Nucleotides & DNA Structure Quiz

Questions and Answers

What are the components that form nucleotides, and how are they attached to nucleosides?

Nucleotides are formed when one or more phosphate groups is attached to the 5′ carbon of a nucleoside.

Describe the primary structure of DNA.

The primary structure of DNA is determined by the sequence of bases in the nucleic acid chain.

Explain how base pairing occurs in the secondary structure of DNA according to Chargaff's rules.

A pairs with T, and G pairs with C, such that the amount of A equals T and G equals C.

What model describes the structure of DNA and what are its key features?

The Watson and Crick double helix model describes DNA as two strands winding around each other with a sugar-phosphate backbone and hydrophobic bases stacked inside.

Differentiate between the major and minor grooves in the DNA double helix.

The major groove serves as a binding site for regulatory proteins, while the minor groove is primarily for histone binding.

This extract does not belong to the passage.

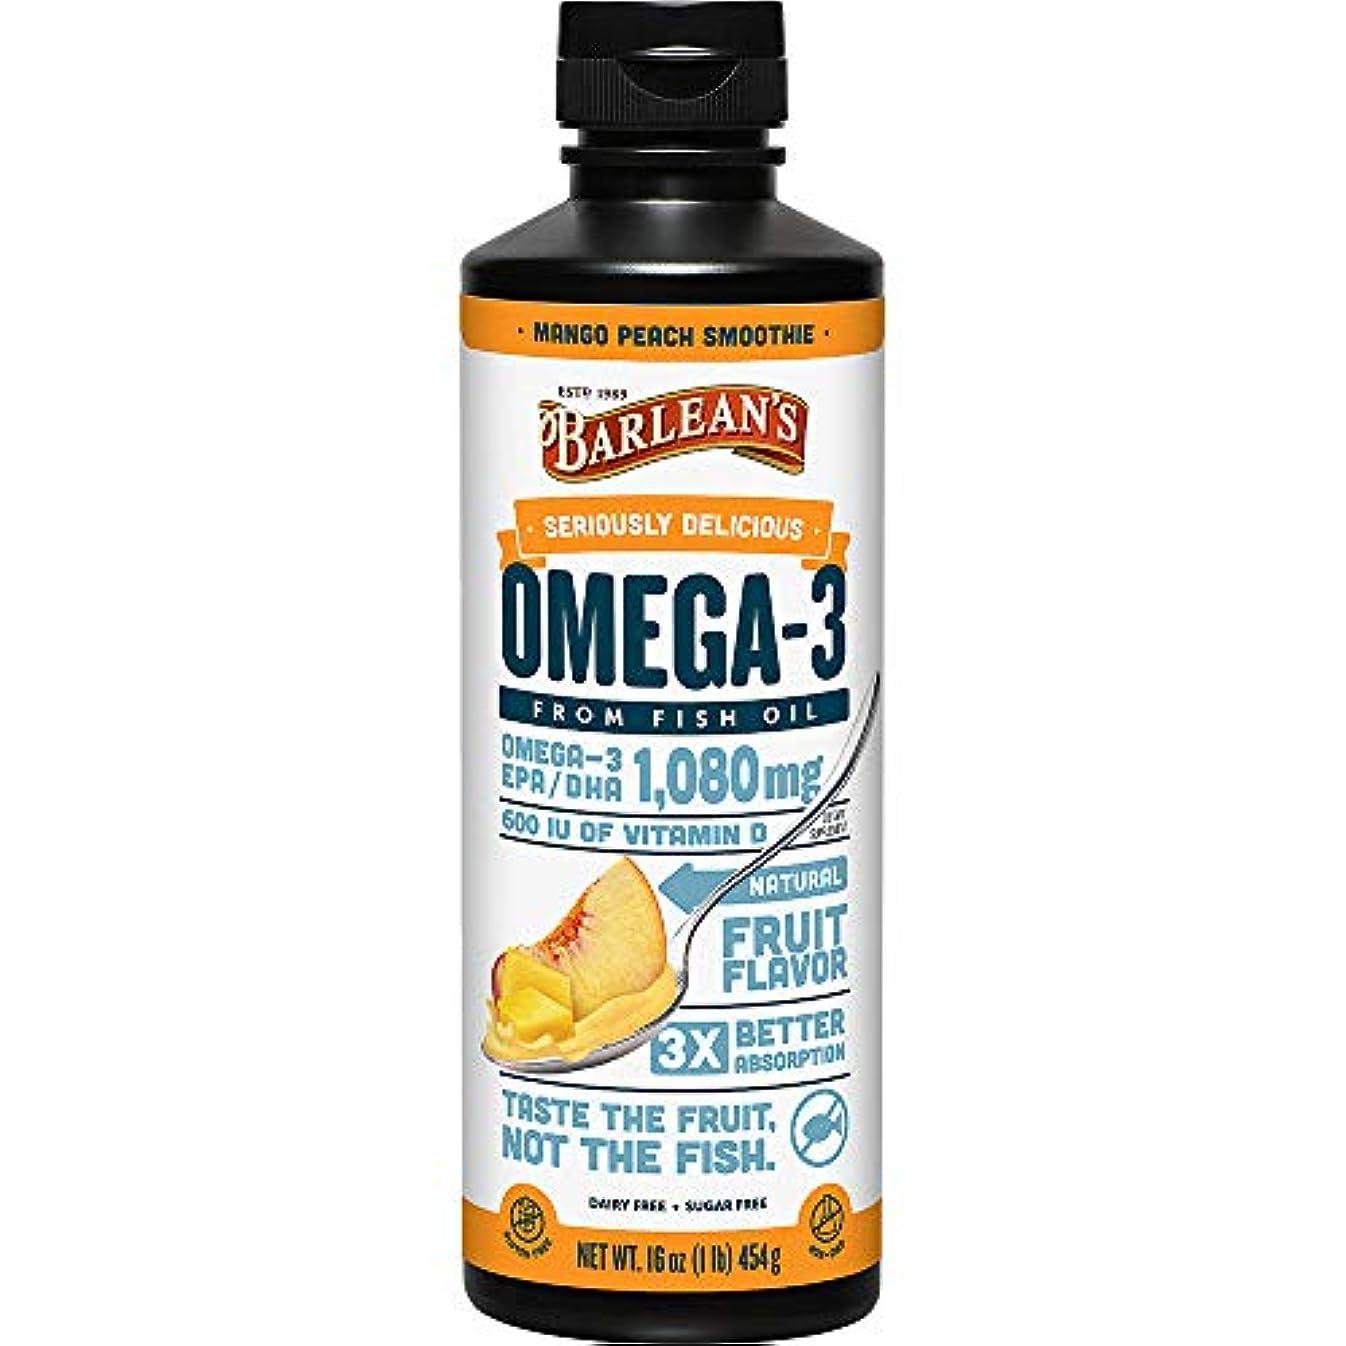 強盗方程式クールBarlean's - Omegaの渦巻Omega-の3 魚オイルのマンゴのモモ - 16ポンド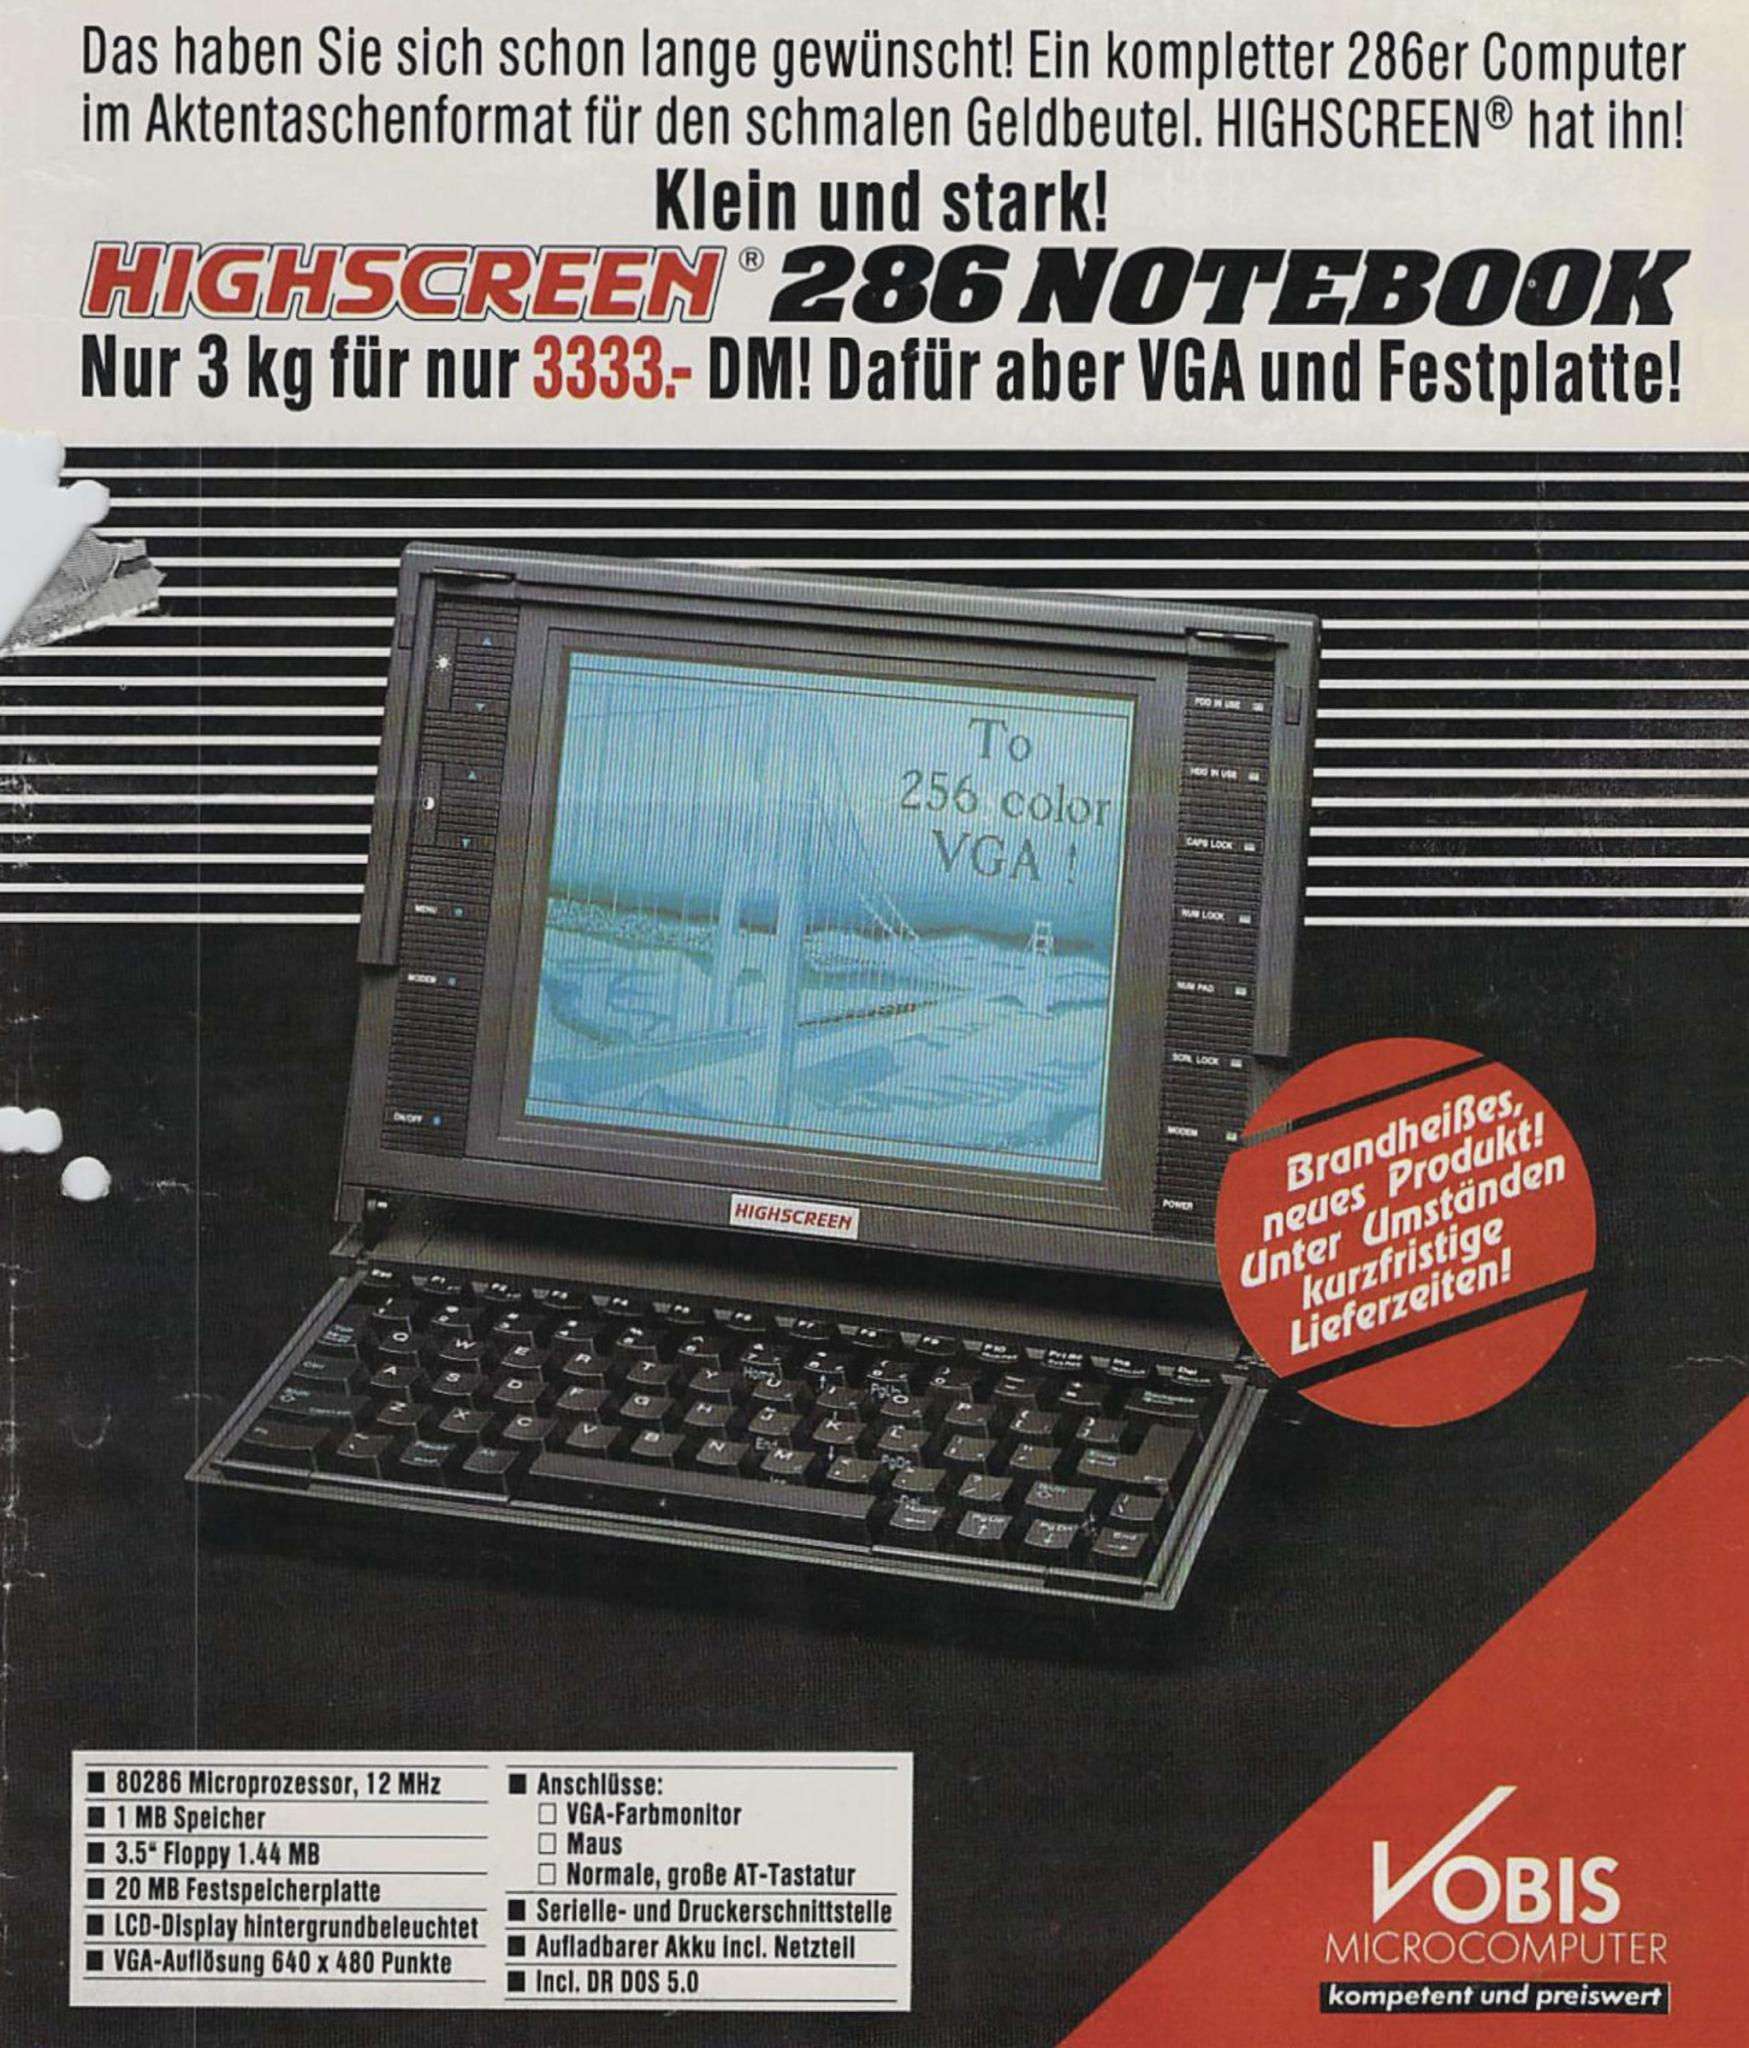 Sieht aus wie ein iPad mit Keyboard, oder?

What structural difference distinguishes purines from pyrimidines?

Purines consist of a heterocyclic two-ring structure, while pyrimidines have a single-ring structure.

Identify the location of DNA in prokaryotic cells and describe its structure.

In prokaryotic cells, DNA is located in the cytoplasm, existing as non-chromosomal DNA (plasmids).

Define nucleosides and explain how they differ from nucleotides.

Nucleosides are composed of a nitrogenous base linked to a sugar, while nucleotides consist of a nucleoside plus one or more phosphate groups.

List the components that make up a nucleotide and specify their roles.

A nucleotide consists of a nitrogenous base, a 5-carbon sugar (deoxyribose in DNA), and a phosphate group; these components store genetic information and participate in DNA structure.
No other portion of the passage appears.